(EXERCISE REQUIREMENTS):
The response should consist of the data below, copied exactly, with no pictures in it.

(SOURCE MATERIAL):

———

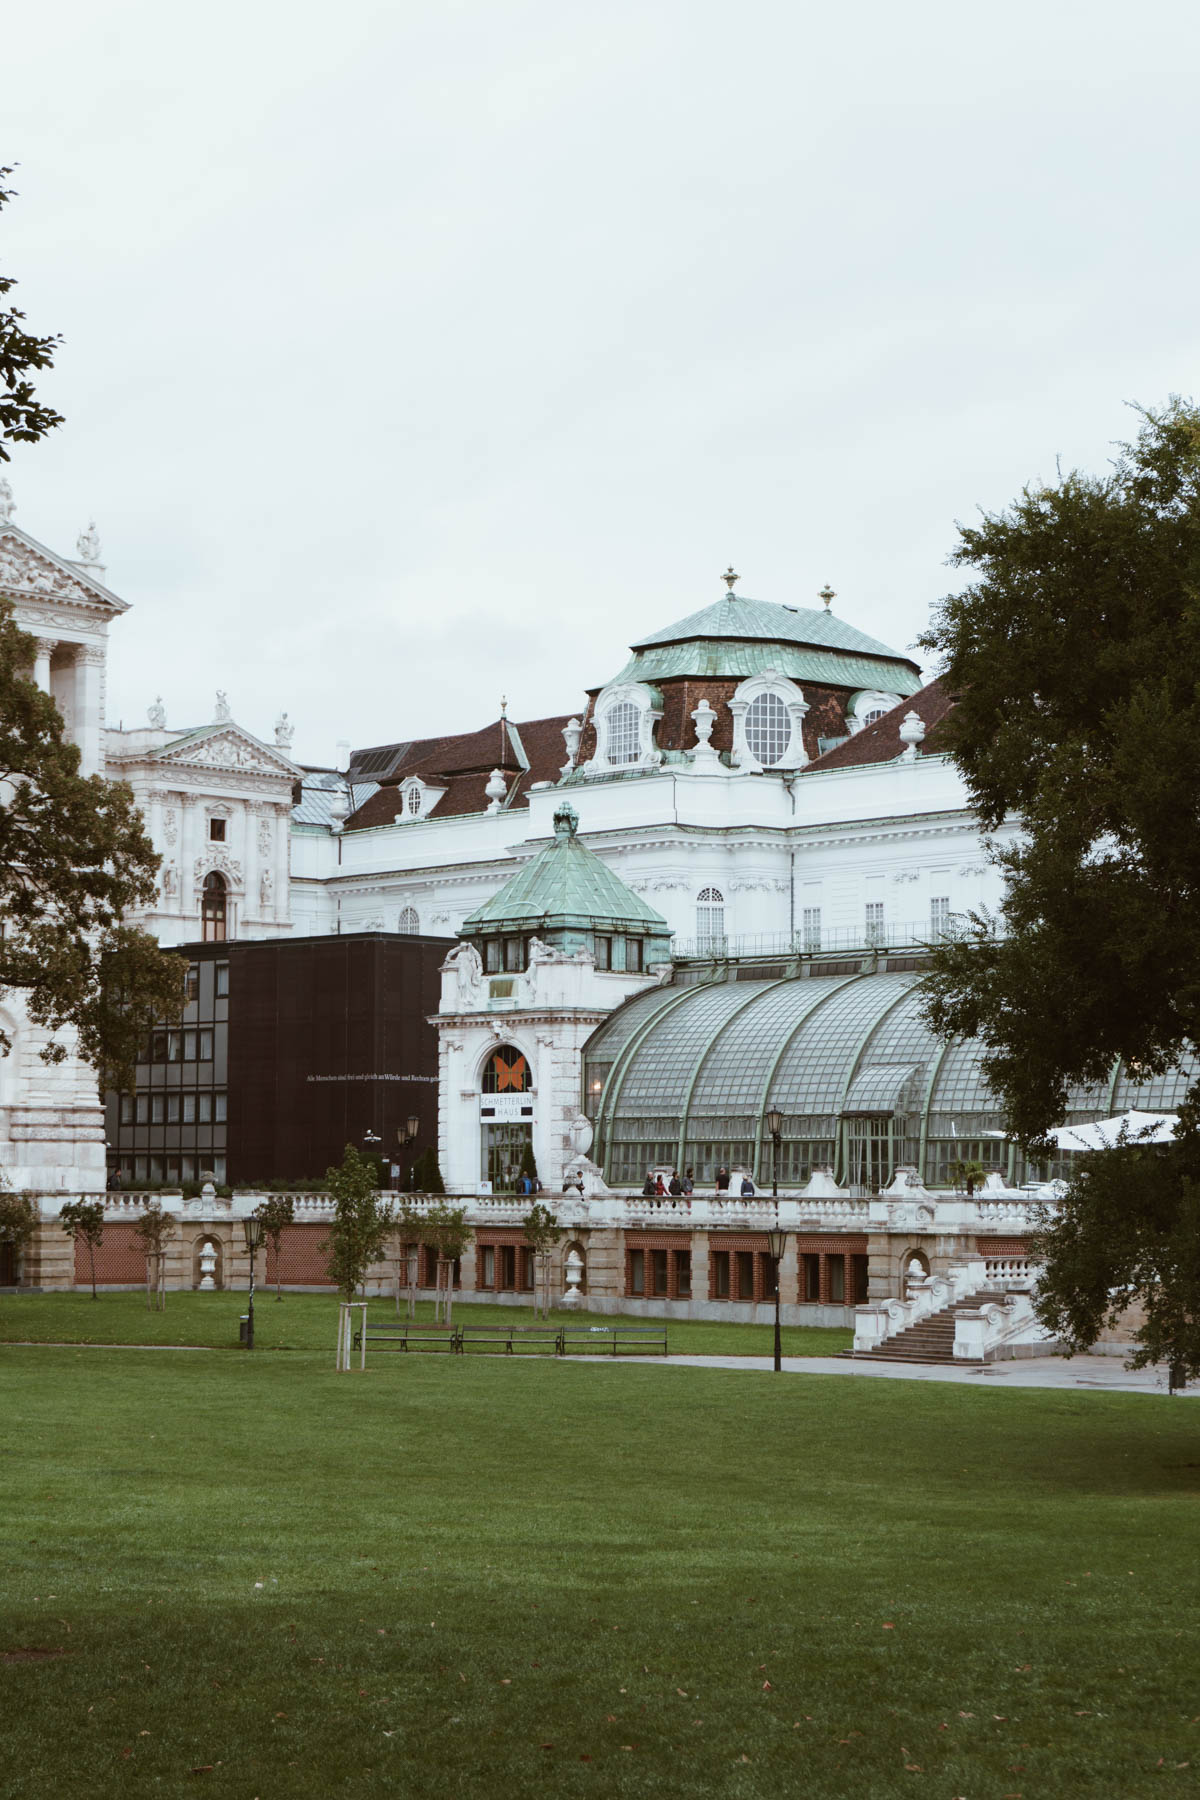 Vienna Austria Travel Guide - Park // RG Daily Blog
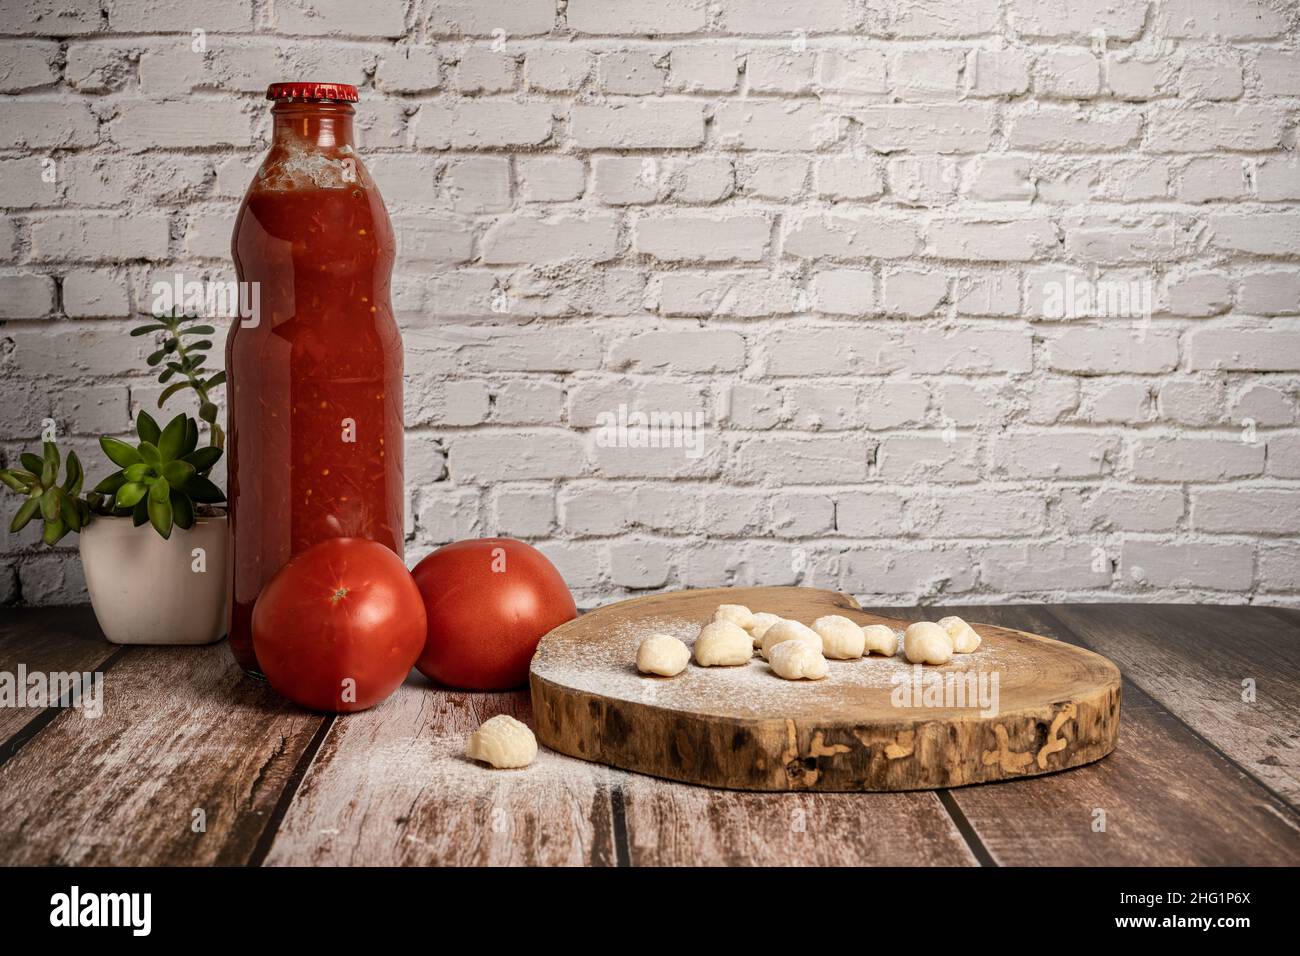 Preparation of homemade gnocchi with tomato sauce Stock Photo
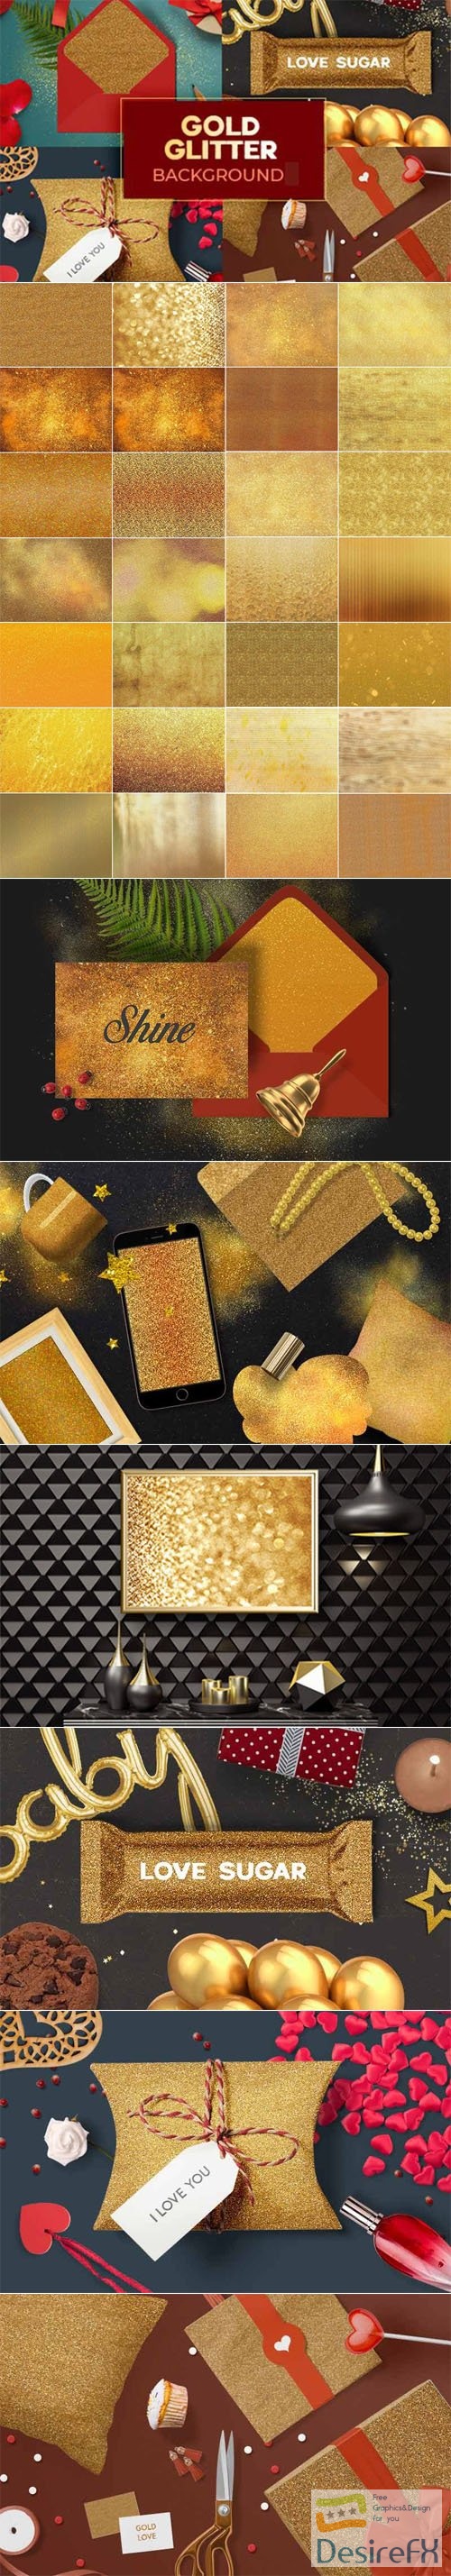 30 Gold Glitter Backgrounds

———

(ANSWER TO THIS EXERCISE):
 Vienna Austria Travel Guide - Park // RG Daily Blog
 Preparation of homemade gnocchi with tomato sauce Stock Photo
 30 Gold Glitter Backgrounds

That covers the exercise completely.